Researchers have proposed several kinds of answers. In this editorial, I suggest that emerging directions of interest to retail researchers should be based more generally on consumer culture theory (CCT; Arnould and Thompson 2005). By capturing the motivating social and cultural contexts of retail patronage and purchase behaviors and the myriad factors beyond the immediate retail purchase decision and buying context that influence consumer behaviors, CCT complements the primary focus of behavioral decision theory and social cognition research on the purchase context (see Blattberg, Briesch, and Fox 1995; Tellis and Zuyfryden 1995; Uncles, Ehrenberg, and Hammond 1995).

For example, CCT highlights that people engage in shopping to realize a variety of projects[i] for which they deploy their own economic, social, and ideological resources (Arnould and Price 2000). As an illustration, Haytko and Baker (2004) demonstrate how American teenaged girls use mall shopping primarily to pursue conventional social projects. Most trips include companions, and the companion choice structures the trip trajectory and specific goals. The experience of bonding with employees and other shopper friends, as well as interacting with peer strangers (i.e., playful communing and socializing; Holt 1995), leads to an accrual of social resources, a key outcome. For many trips, purchase is secondary. Fischer and Arnold (1990) show that women who spend more time accounting and evaluating their purchases (Holt 1995) while Christmas-gift shopping reinforce their larger social networks and express their traditional gender orientations. That is, they accrue both identity and social resources.

These studies make the point that retailers offer consumers a variety of resources that can use to accomplish such projects. The purpose of a CCT-based approach to retailing is to account for this cocreation, namely, how consumers deploy cultural resources to accomplish the pursuit of their projects, aided by retailer-provided resources. In a CCT framework, the question of what triggers Big Middle purchase behavior is translated into other research questions: What Big Middle customer projects do retailer-provided resources animate? How can retailers align their offerings to invigorate these projects more effectively? What broader purposes animate Big Middle shoppers, and to what purposes do they put the items they cart home from such retailers?

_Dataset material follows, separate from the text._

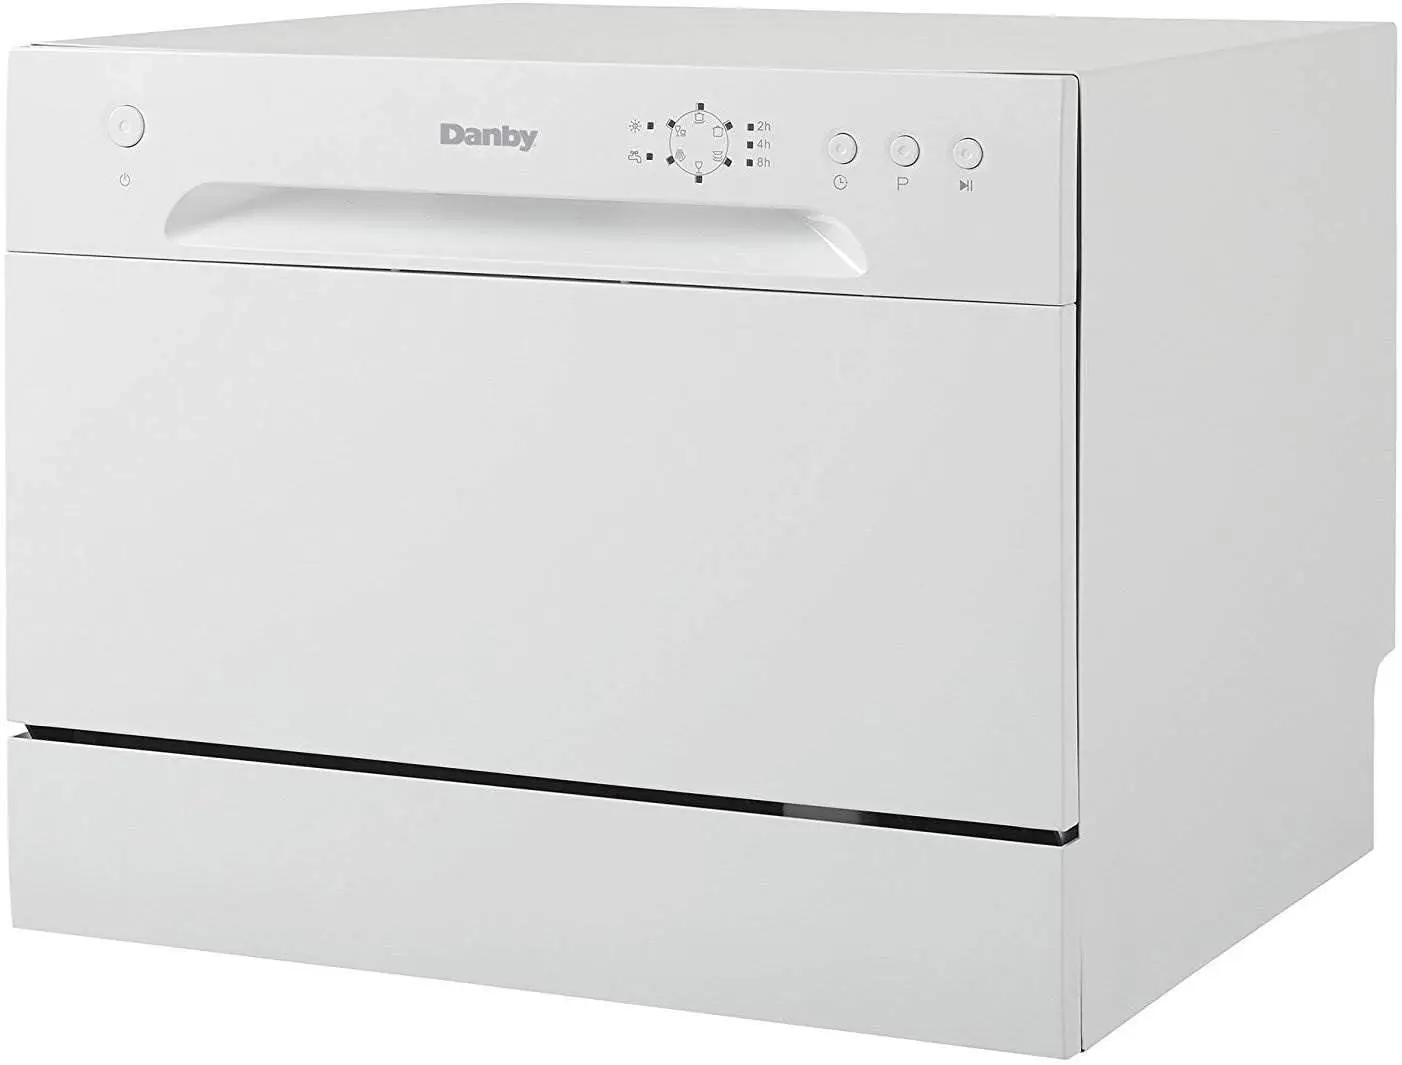 

Danby DDW621WDB Countertop Dishwasher with 6 Place Settings, 6 Wash Cycles and Silverware Basket, Energy

Although the answers to these questions remain unclear, I propose a framework of further research into Big Middle retailing and outline some questions that may help shed some light on the link between consumers’ projects and retailing as a field of cultural resources. In this article, I review resource theory, and then suggest some of the purposes that retail-provided cultural resources present to consumers, along with some types of these resources. After raising the question of how customers animate these firm-supplied resources, I finally suggest a resource-based way of thinking about retail evolution.